Für lediglich 19% der jüdischen Menschen ist die Einhaltung der Halacha (der jüdischen Gesetze) als Basis ihrer jüdischen Identität zentral und die meisten Jüdinnen und Juden sehen keinen Widerspruch zwischen dem Jüdisch-Sein und darin, z. B. am Schabbat zu arbeiten oder nicht an Gott zu glauben. Nur 26% der Jüdinnen und Juden finden Religion wichtig für ihr Leben; dies mit 56% im deutlichen Gegensatz zur US-Bevölkerung insgesamt.
Weitere interessante Erkenntnisse
– Jüdische Menschen in den USA haben eine weit überdurchschnittlich gute Ausbildung – 58% haben ein College absolviert, gegenüber 29% der Gesamtbevölkerung.
– Ein Viertel der jüdischen Bevölkerung haben ein Haushaltseinkommen von mehr als US$ 150.000,-, verglichen mit 8% aller US-Amerikaner.

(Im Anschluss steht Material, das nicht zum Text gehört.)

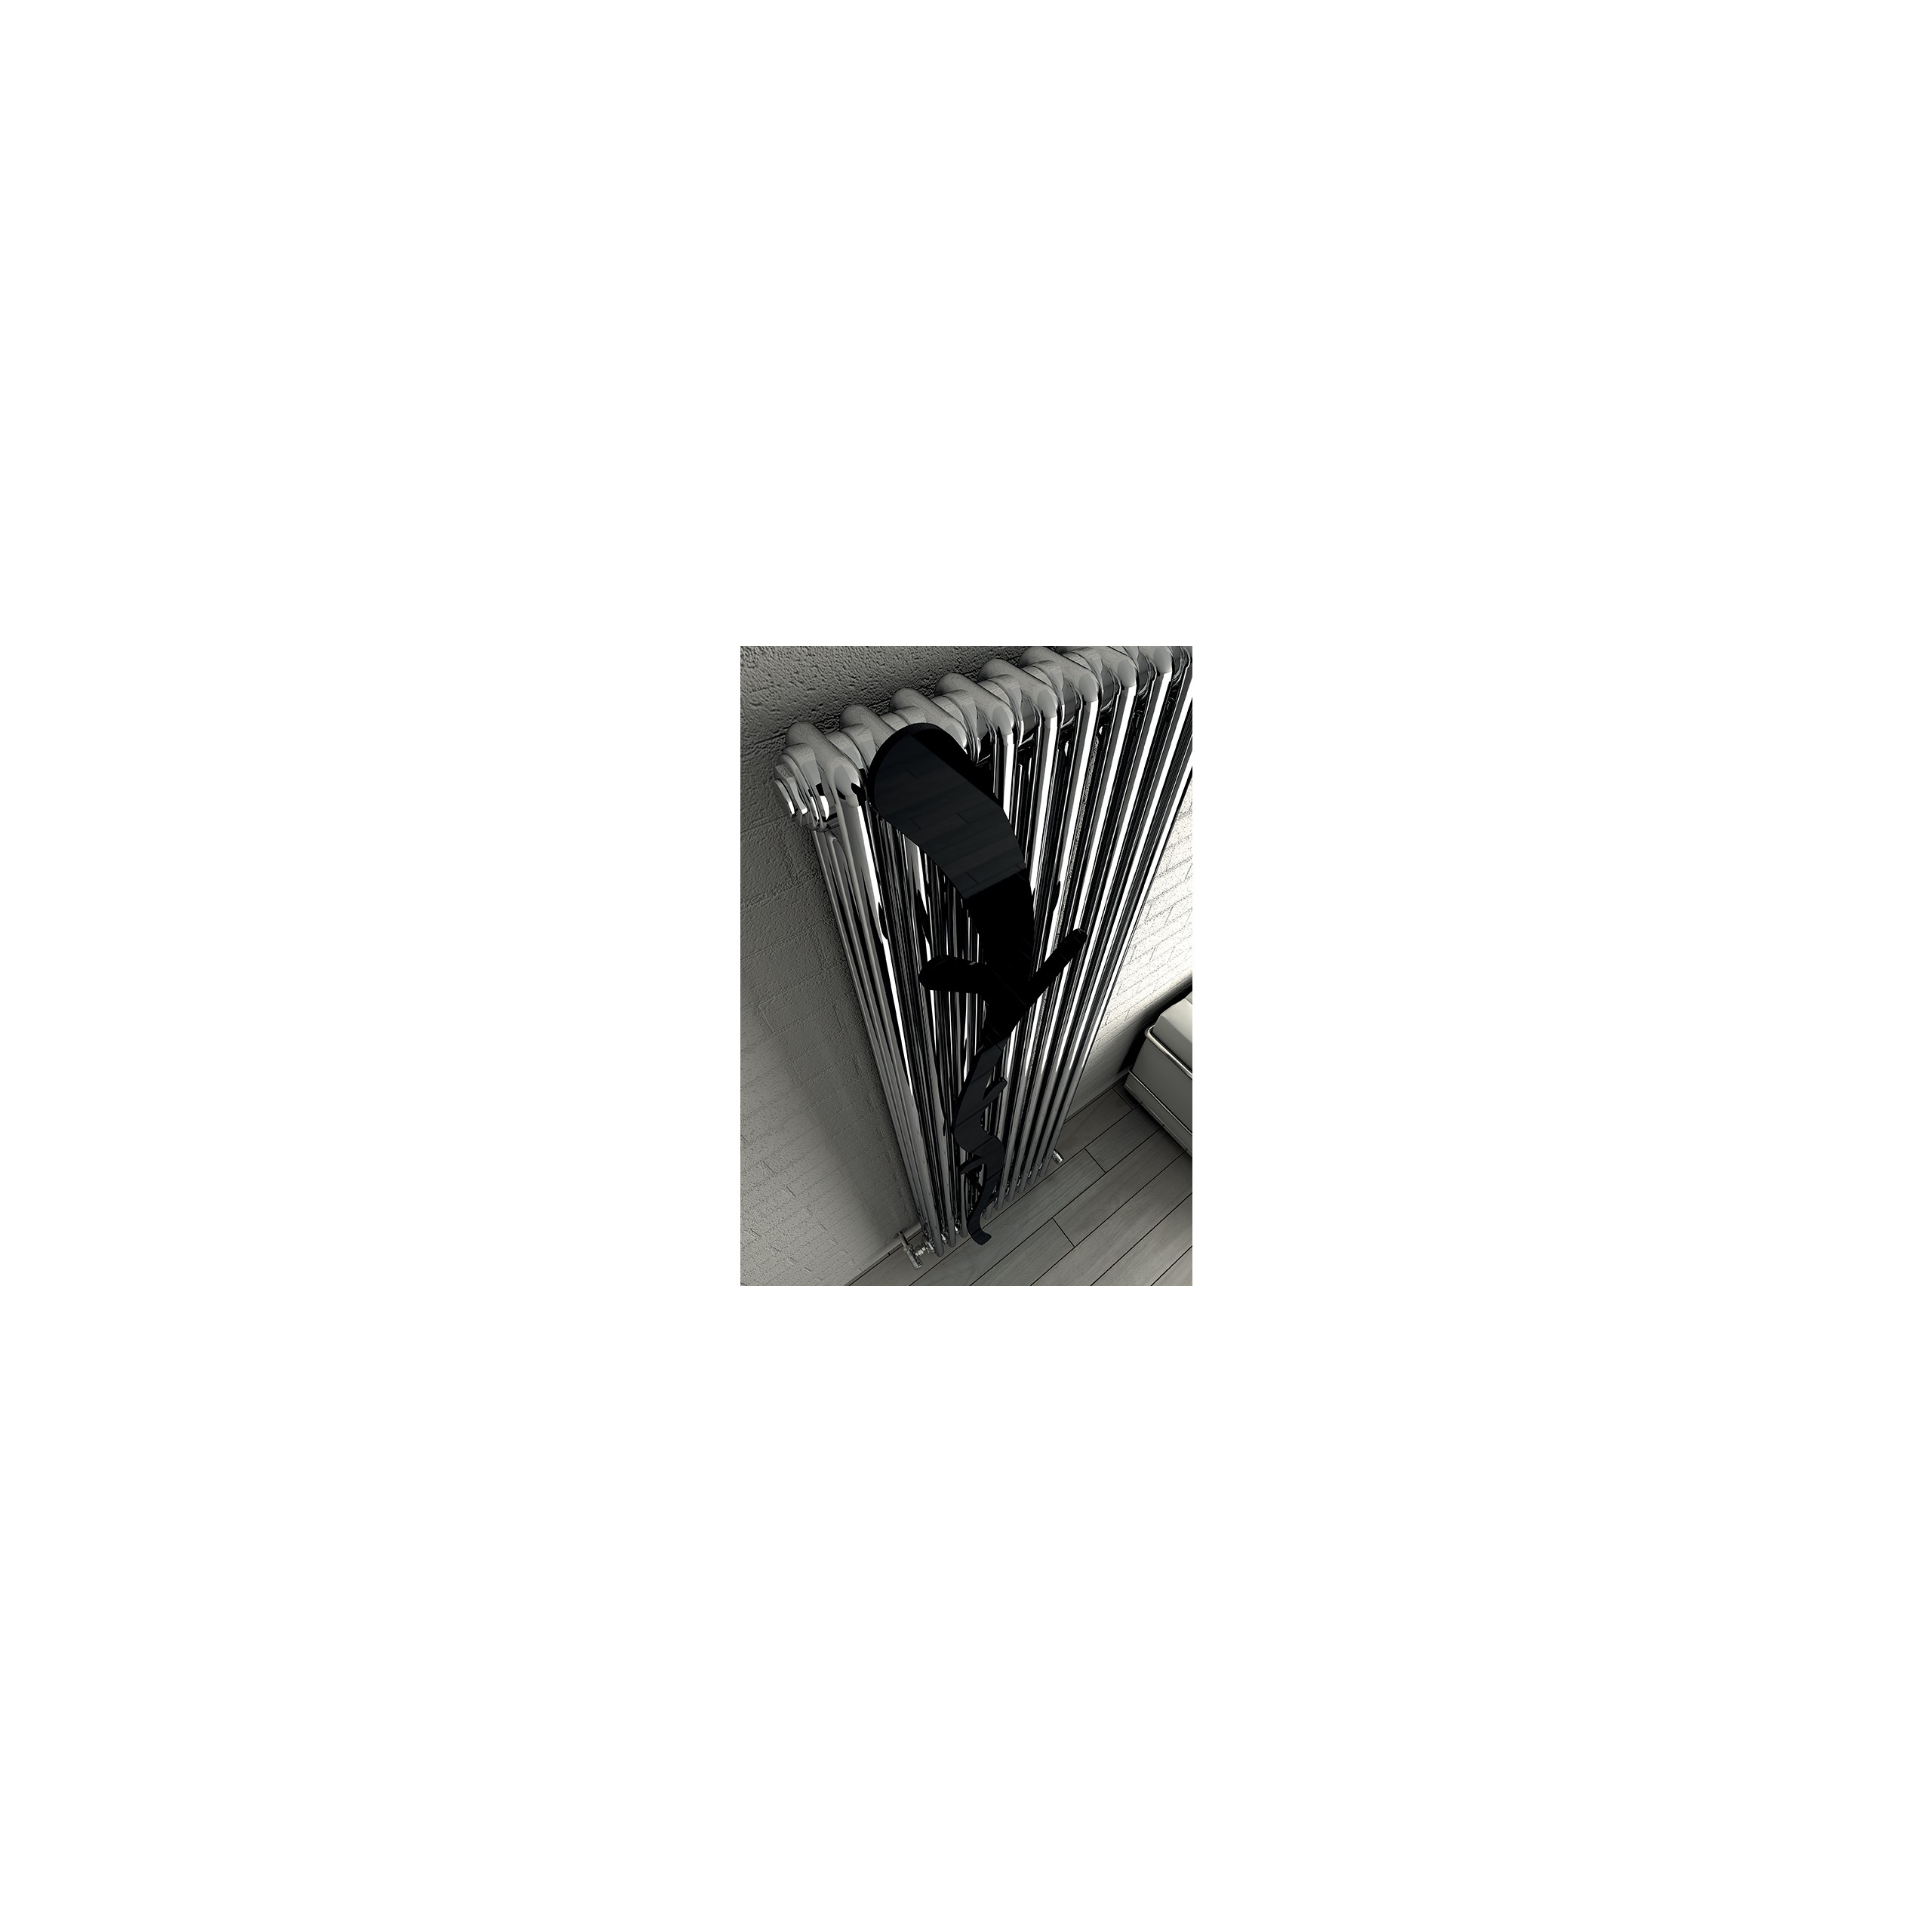 https://edezeen.com/media/catalog/product/cache/2/image/2560x/602f0fa2c1f0d1ba5e241f914e856ff9/e/d/edezeen-irsap-tesi-chrome-plated-best-price-2.jpg

– Die Hälfte aller Jüdinnen und Juden können das hebräische Alphabet, aber nur 13% können alle oder zumindest die meisten Worte verstehen, wenn sie hebräisch, also z. B. Gebete, lesen.
– 70% der Befragten fühlen sich den Demokraten näher, gegenüber 22%, die sich als Republikaner sehen. Bei den Orthodoxen ist es genau umgekehrt: Von diesen fühlen sich 57% den Republikanern näher und 36% den Demokraten.